Despite how common snoring is, many people don't know why it happens or realize there are ways to reduce or stop it. The good news is you can try several snoring solutions tonight and start getting quieter, more restful sleep right away.
This article explains why snoring occurs and offers seven practical ways to help you achieve quieter nights.

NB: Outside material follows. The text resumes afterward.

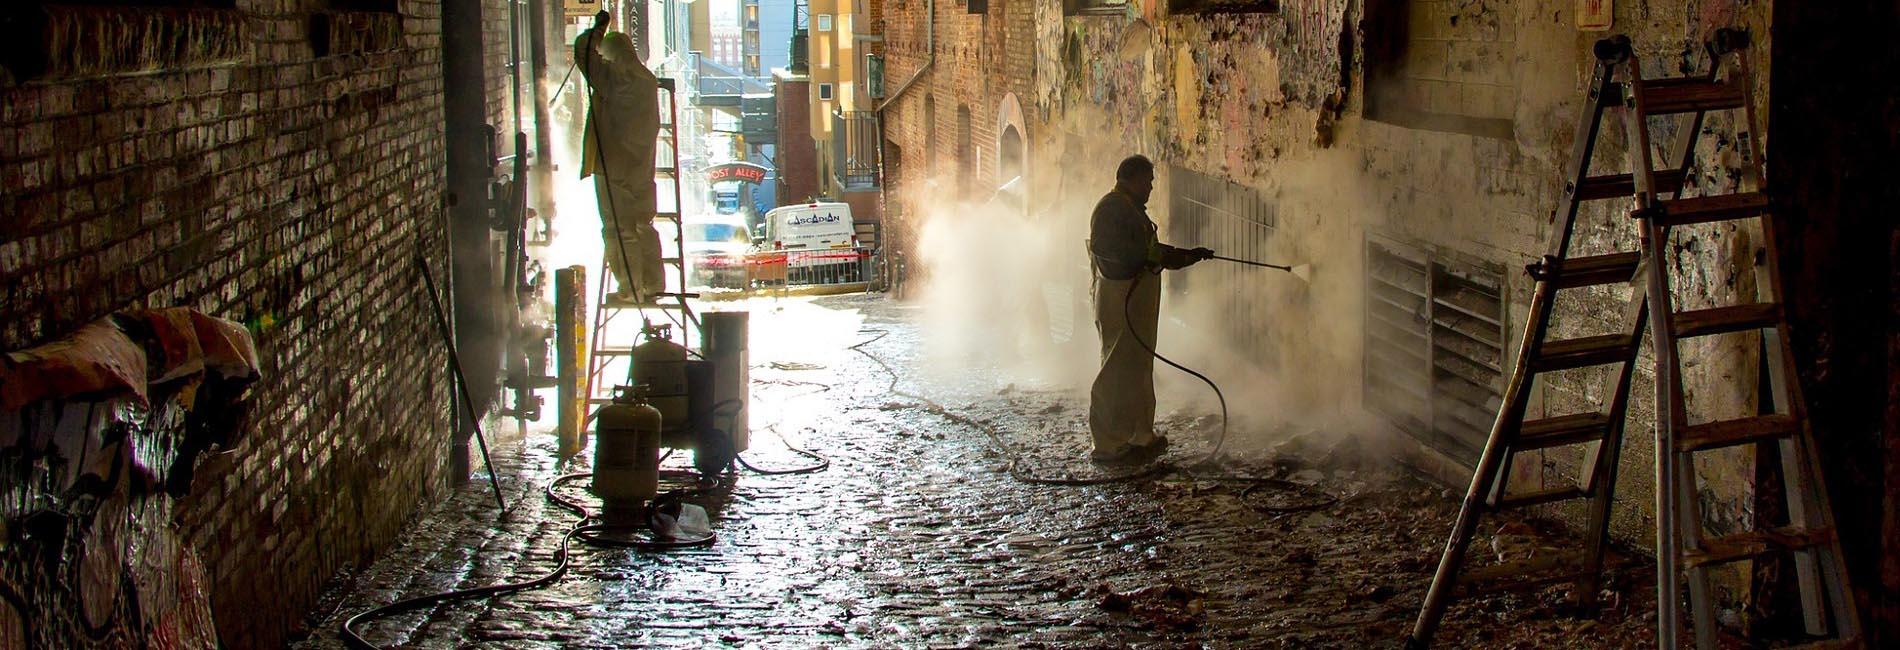 rimozione graffiti - pulizia muri - imbiancatura - impresa di pulizie saronno

What Happens When We Snore
When you're awake, the muscles in your throat keep your breathing passages open. When you sleep, these muscles relax. For some people, this narrowing makes airflow noisy, causing snoring. It’s like when you partially cover the opening of a straw; the air passing through makes a sound. That's essentially what's happening in your throat.
You don't snore equally during all sleep stages. It’s most common during REM (Rapid Eye Movement) sleep and deeper non-REM stages. During these stages, throat muscles relax even more, making your airway narrower and prone to vibrations.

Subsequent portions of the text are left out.